Mody accuse le coup et quitte son poste. En réalité, cette mutation, enrobée dans une promotion, il l’a vécue comme une « affectation sanction », suite à son bras de fer (politisé) avec un Principal de collège membre du Parti socialiste (PS). « Néanmoins, je pense avoir fait un bon travail, si on considère ce que j’ai apporté à Pikine et le vin d’honneur qui m’a été offert à mon départ », dédramatise-t-il. Il atterrit à la Commission nationale sénégalaise pour l’UNESCO et ne s’entend pas avec le Secrétaire général de ladite commission. « Je n’appréciais pas ses méthodes de travail, même si le poste était prestigieux », argumente le célèbre contributeur.
Il trouve un point de chute pour un temps à la Direction de la Recherche et de la Planification du Ministère de l’Education nationale, puis est affecté au Projet « Education à la Vie familiale et en Matière de Population (Evf / Emp) » jusqu’à sa retraite en 2000. Il a alors le temps de se donner entièrement à sa passion préférée : l’écriture. L’écrivain caillasse le régime, le tournant en bourrique avec une certaine ivresse. « Je ne m’acharne pas sur Wade, car j’ai contribué modestement à son élection », précise-t-il, l’air tendu. « Il est difficile de rester indifférent devant sa nauséabonde gouvernance », ajoute-t-il.
Il a à son compte six livres et plus d’une centaine de contributions. « C’est grâce à Sud Quotidien que je suis connu comme contributeur. J’ai très tôt aimé la lecture et l’écriture», informe-t-il. La première contribution qu’il a faite en 1975, c’était pour rendre hommage à son Professeur Madior Diouf, mais l’article a fini au frigo.
Sa farouche opposition au régime libéral a failli même lui coûter la prison, suite à une plainte de l’entrepreneur Cheikh Amar à la veille de la Korité. Il jure n’avoir jamais flanché devant les policiers et n’en trouvait pas la raison. «Je ne me suis jamais senti aussi bien à l’aise que devant la Dic», lâche-t-il, l’index pointé en direction du ciel.

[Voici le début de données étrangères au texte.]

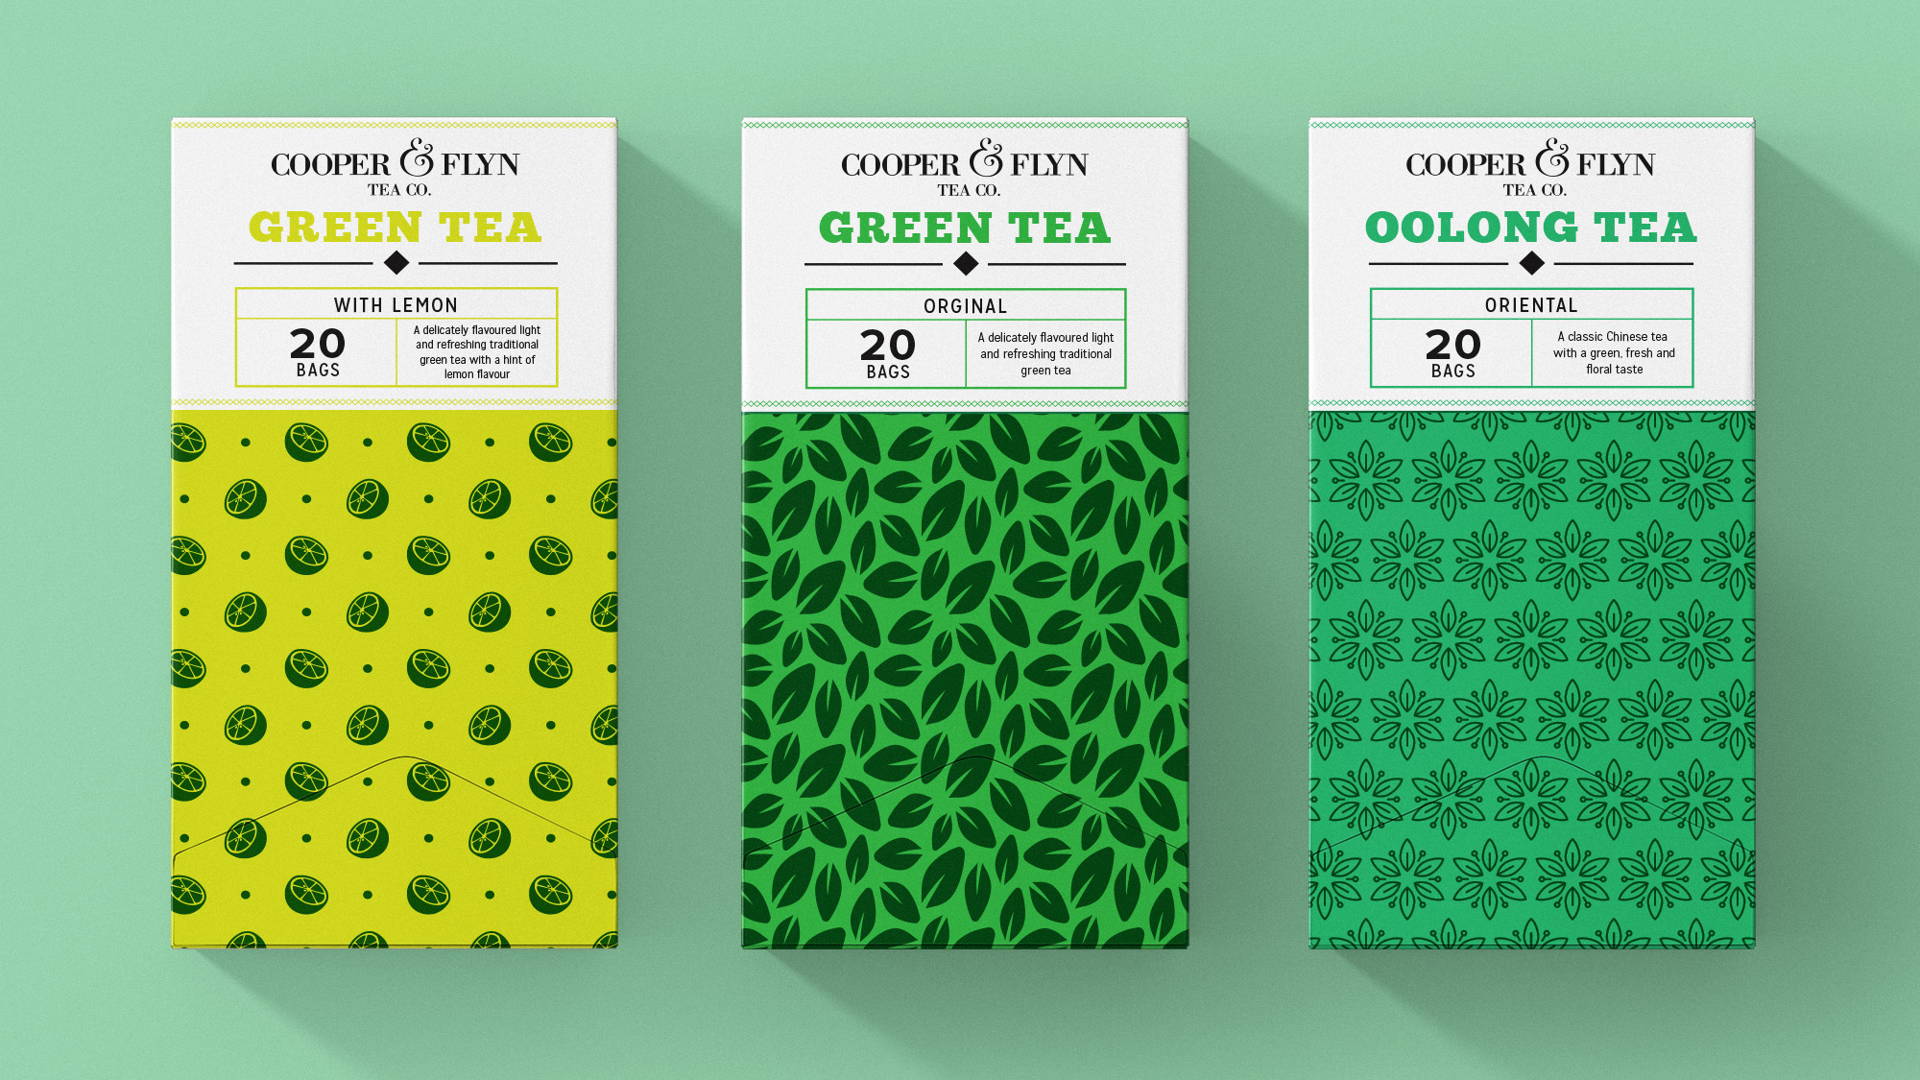 Featured image for This South African Tea Brand is Bringing On The Awesome Patterns

La politique ? Il avoue l’avoir tâtée au sein du Rassemblement national démocratique (RND) jusqu’à la mort du leader historique, le célébrissime Cheikh Anta Diop de 1976 à 1986. Ensuite à la CDP/ Garab gi du professeur Iba Der Thiam pour quatre ou cinq mois en 1993, mais la greffe n’a pas pris. On le dit proche des Progressistes, mais il affirme n’appartenir à aucun parti politique. Selon lui, sa liberté de ton est incompatible avec les logiques de Parti. « Je ne suis pas à l’aise dans une camisole de politicien», réplique-t-il. Il clame cependant haut et fort son amitié avec Moustapha Niasse.

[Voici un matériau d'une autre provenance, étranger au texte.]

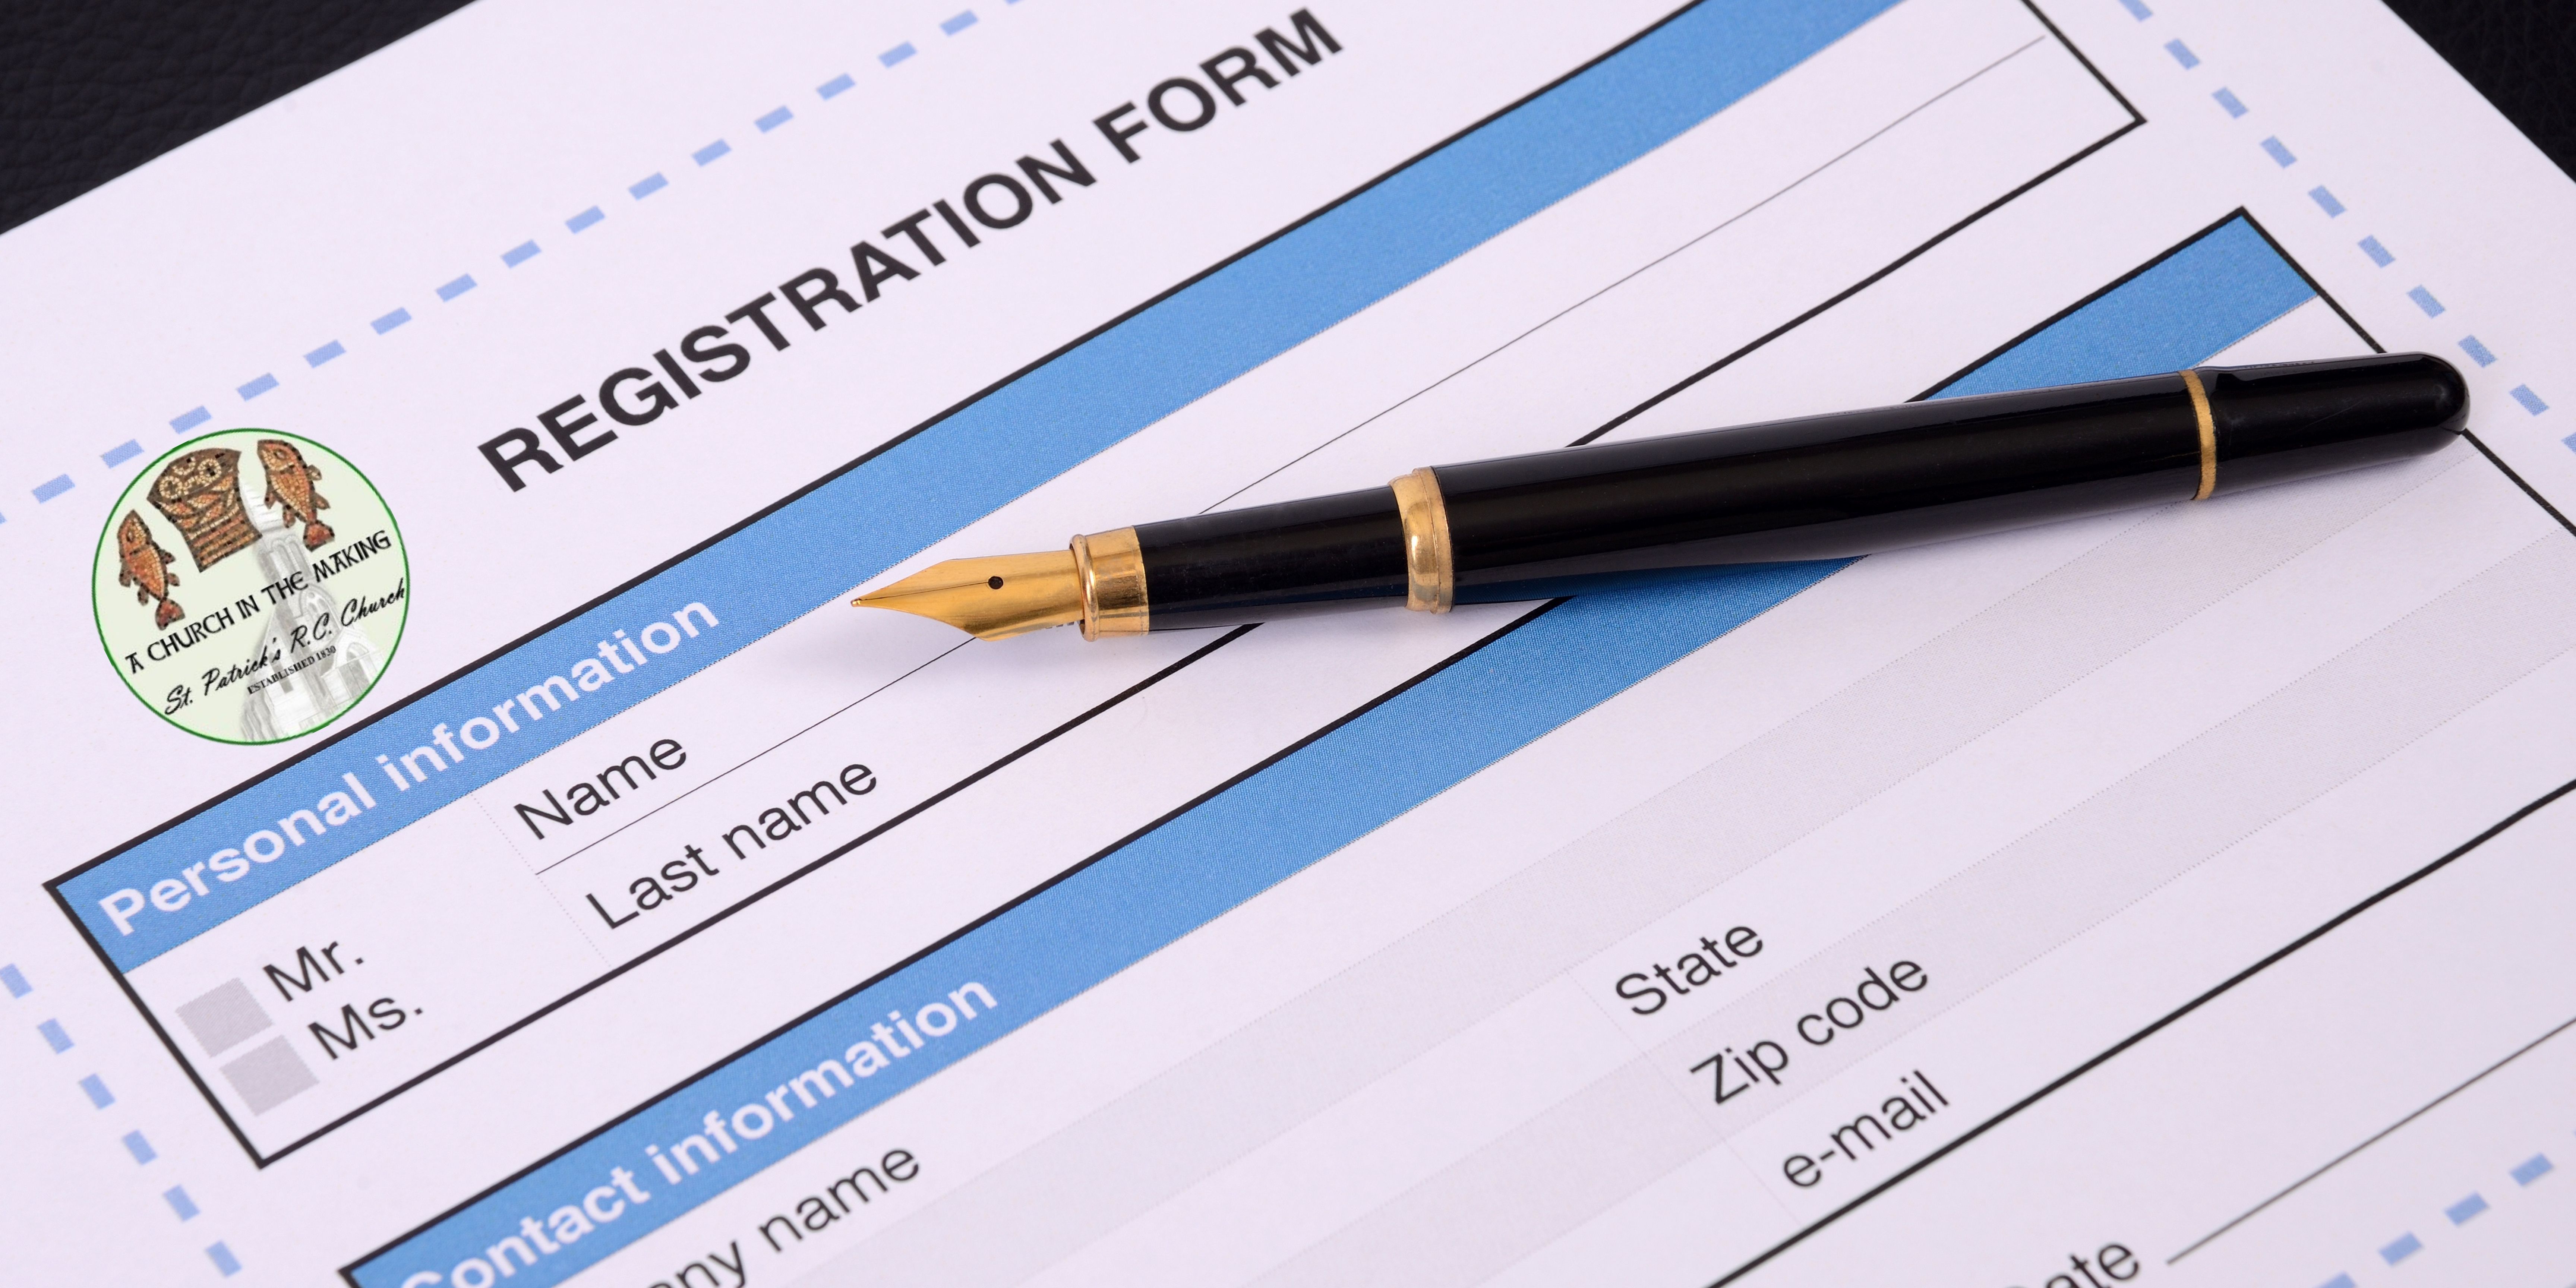 Registration form header, an image of a blank registration form with a ball point pen laid across with the logo of the church

Marié à l’âge de 23 ans et père de plusieurs enfants dont il dit être fier, Mody n’est pas du genre père fouettard ni père Noel. « Je ne suis pas jaloux, mais je ne supporte pas n’importe quoi et n’importe qui dans ma maison», indique-t-il. Ses héros sont : Cheikh Anta Diop, Mamadou Dia, Amadou Mahtar Mbow et Nelson Mandela. Des icônes de l’intégrité morale et politique. D’ailleurs, les portraits du premier et du dernier trônent dans son modeste salon. Mody aime la musique et écoute notamment Youssou Ndour, Ismaila Lô et le défunt Ndiaga Mbaye. Parlant de ses projets, il promet que Me Wade ne sera pas son prochain sujet. « J’ai pratiquement tout dit sur lui », a-t-il conclu. Il pense plutôt à un Roman.